Our Impact Since 2016
Fixed 10 fish passage barriers, improving access to Johnson Creek to endangered salmon and steelhead
Planted over 100,000 trees and shrubs on more than 50 acres, covering more than 5.5 stream miles
Managing a grant for 10 instream restoration projects for four watershed councils as part of a $3.8 million grant from NOAA – one of 38 awards nationwide
Our upland restoration projects focus on capturing stormwater at its source, so it soaks into and is treated by the soil. In this way, trash and other pollutants are intercepted before entering the creek. These projects include constructing rain gardens and mapping stormwater collection pipes that outfall into the watershed.
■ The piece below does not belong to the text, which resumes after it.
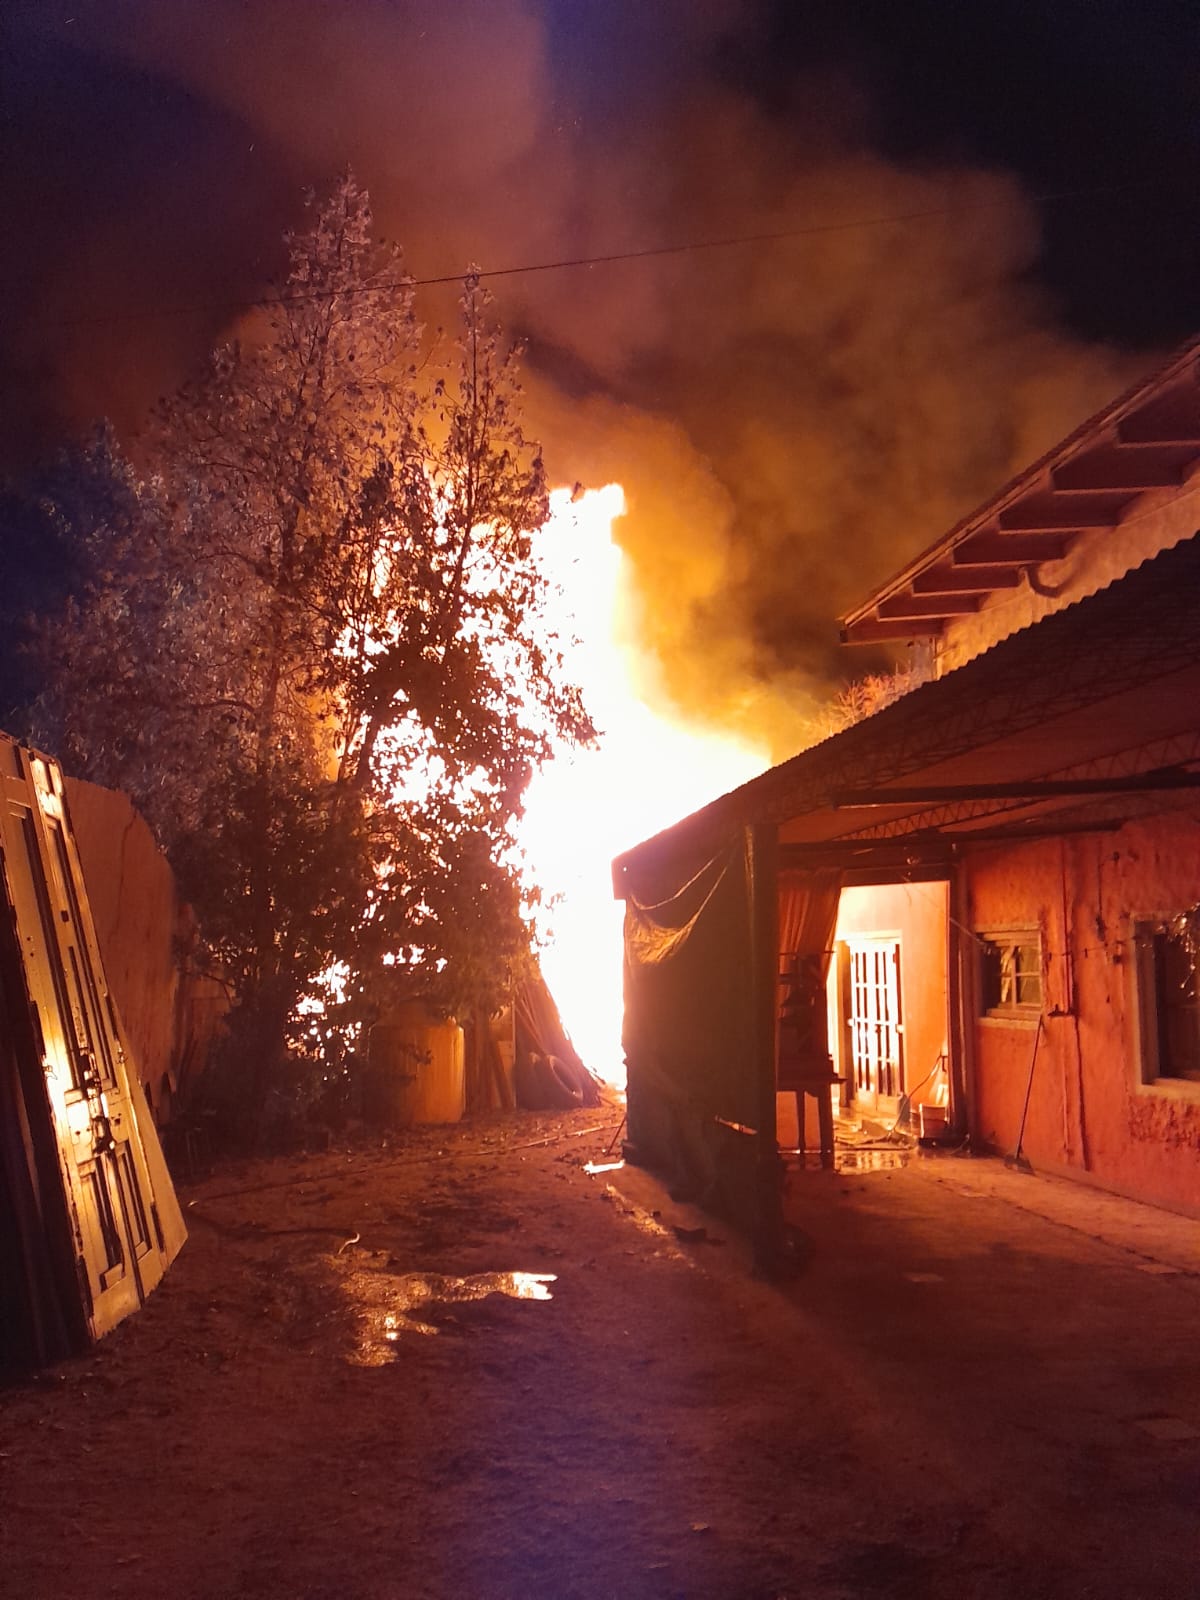 Un impresionante incendio devastó una carpintería en barrio El Cerrito

In the Pacific northwest, most native fish–especially salmon–need cool, clear water to thrive. Planting streambanks with a mix of native trees, shrubs, and groundcovers provides needed shade, prevents erosion, and creates a host of other benefits for fish and wildlife who depend on Johnson Creek.
Both public and private landowners can benefit from partnering with us on riparian restoration projects.
In-stream projects consist of two types of projects: fish passage and habitat enhancement. Fish passage projects focus on opening more habitat for salmon and lamprey through the removal of barriers such as dams and culverts. Habitat enhancement projects focus on improving habitat in the stream through various actions such as installing large wood in the stream banks and opening floodplains.
In-stream and Stormwater Projects 2016-2025
Johnson Creek Watershed Council, along with other area watershed councils, government agencies, tribes, and organizations concerned about healthy watersheds developed a Strategic Restoration Action Plan to guide voluntary restoration activities and improve stream habitat, water quality, and native fish populations.
The Strategic Restoration Action Plan focuses on salmon and steelhead populations that are listed under the Federal Endangered Species Act, as well as anadromous Pacific lamprey and resident Clackamas River Basin bull trout populations.